* **Exercise prompt**: With every picture left out, restate the listing below exactly as written.

* **Information provided**:

####

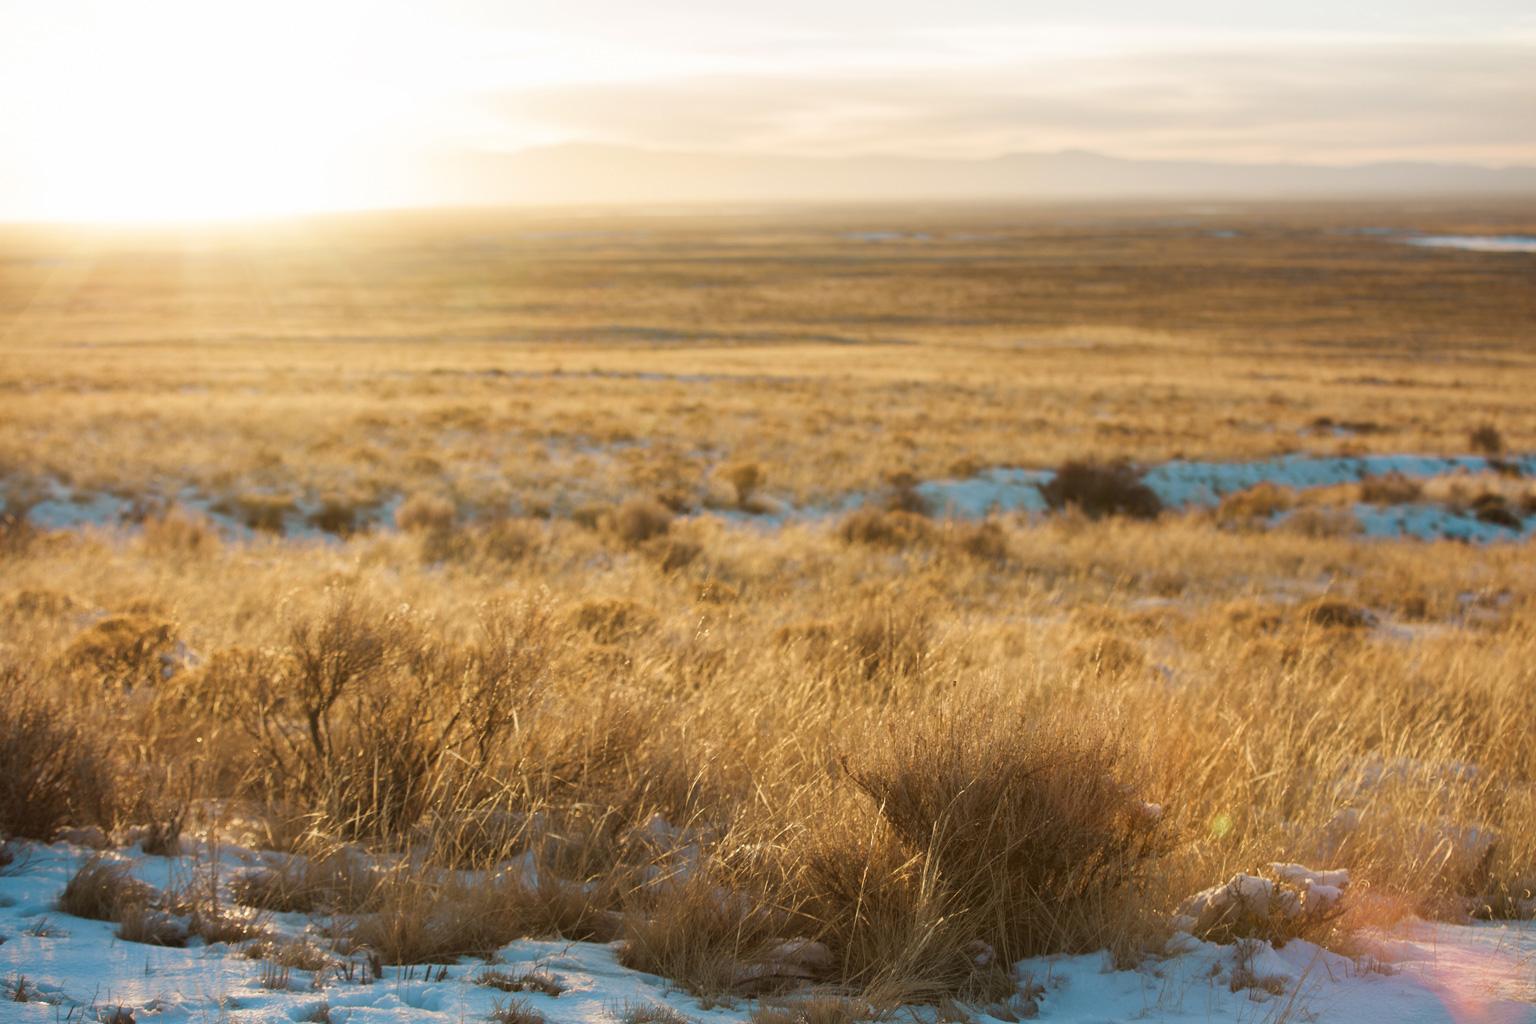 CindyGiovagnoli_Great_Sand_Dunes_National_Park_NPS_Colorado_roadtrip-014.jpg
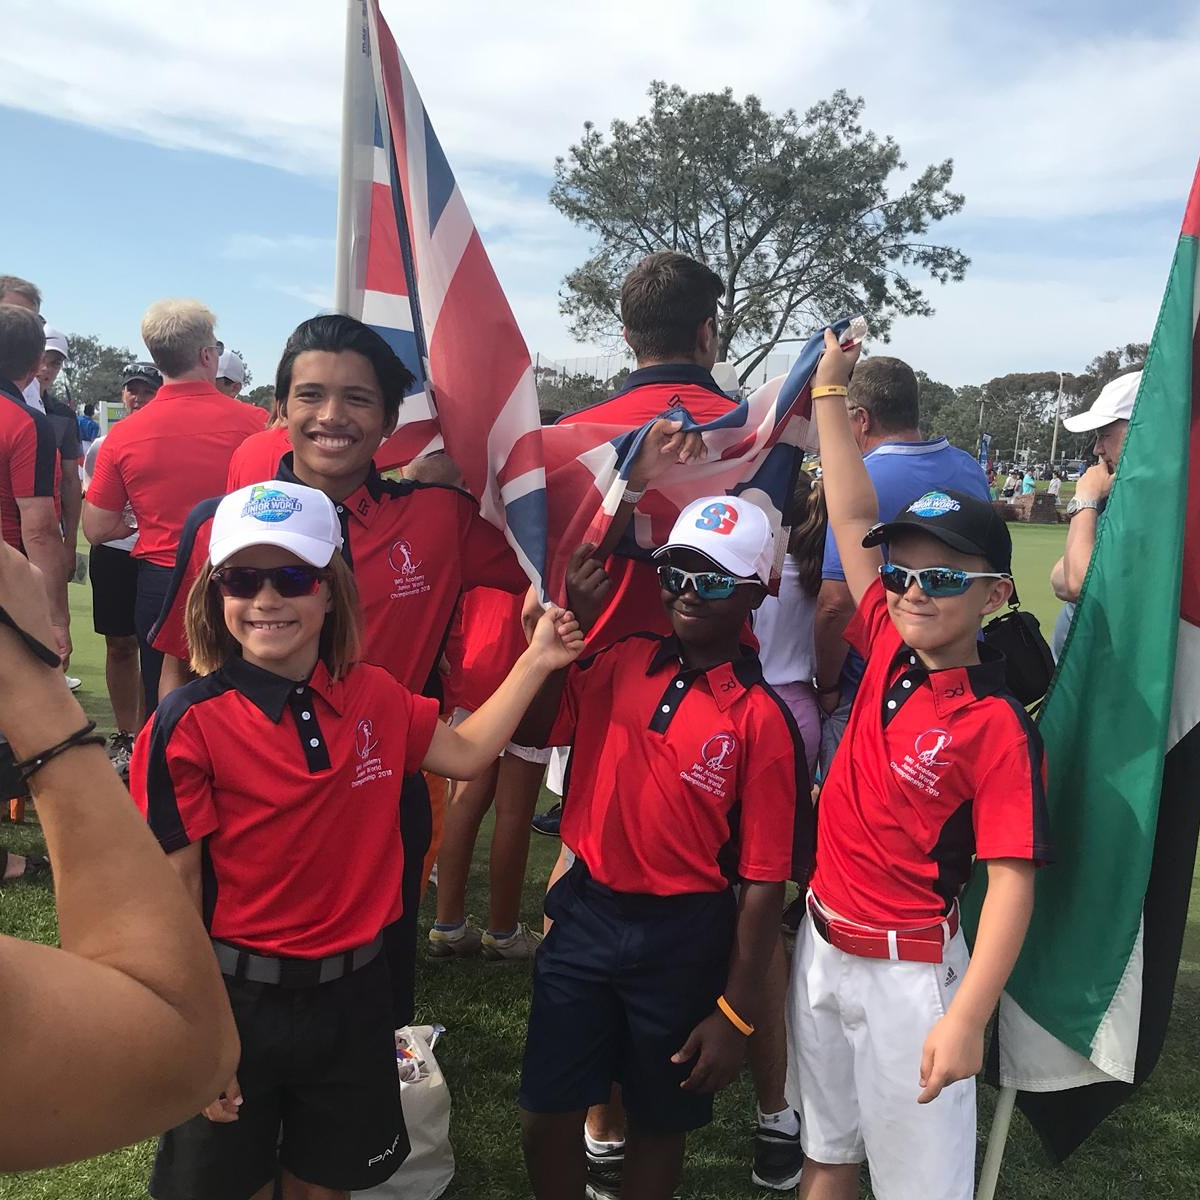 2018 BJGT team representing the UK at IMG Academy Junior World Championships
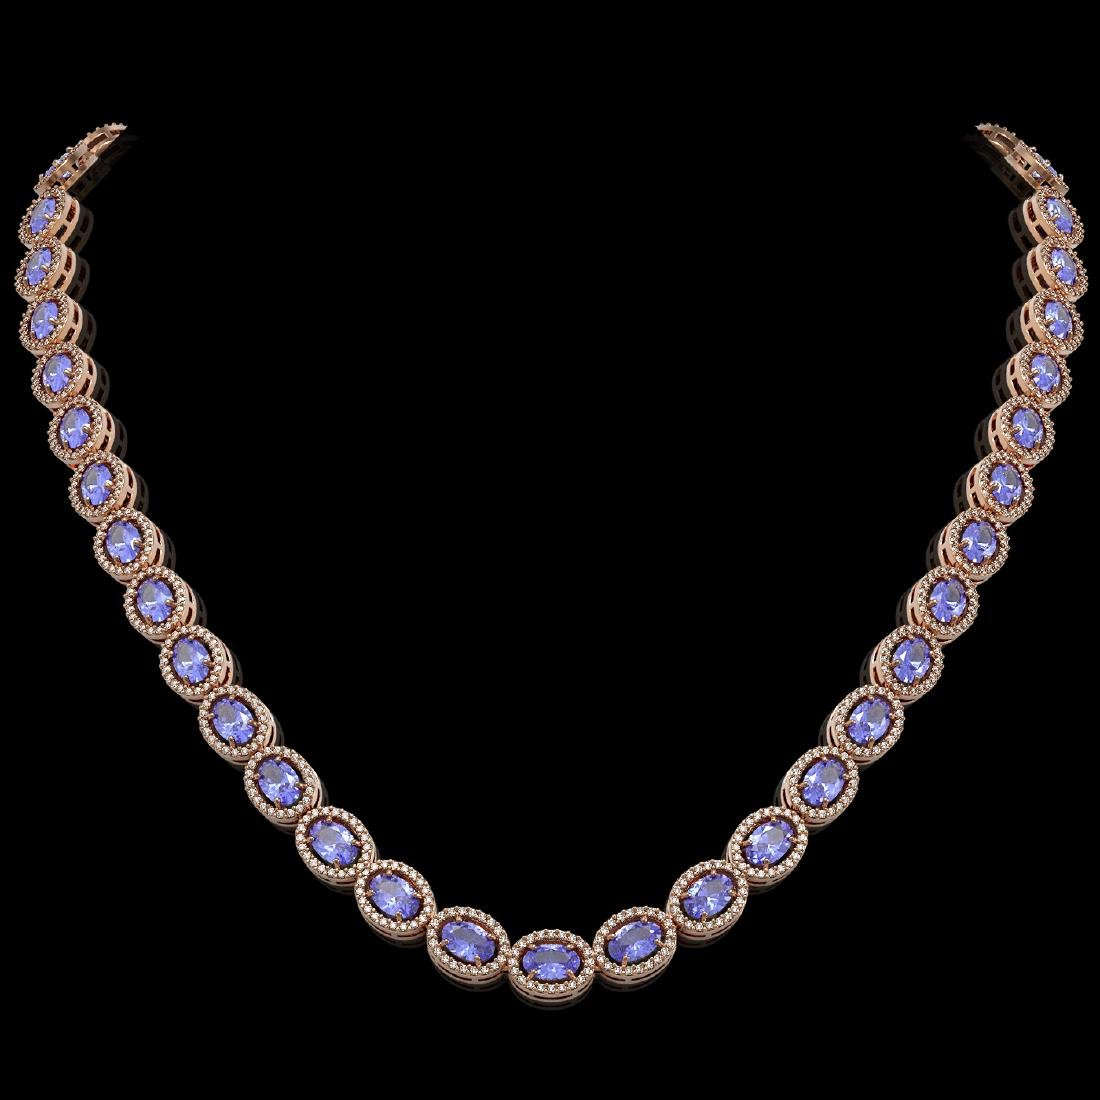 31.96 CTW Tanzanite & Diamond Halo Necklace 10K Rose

####

* **Answer to the exercise**:
 CindyGiovagnoli_Great_Sand_Dunes_National_Park_NPS_Colorado_roadtrip-014.jpg
 2018 BJGT team representing the UK at IMG Academy Junior World Championships
 31.96 CTW Tanzanite & Diamond Halo Necklace 10K Rose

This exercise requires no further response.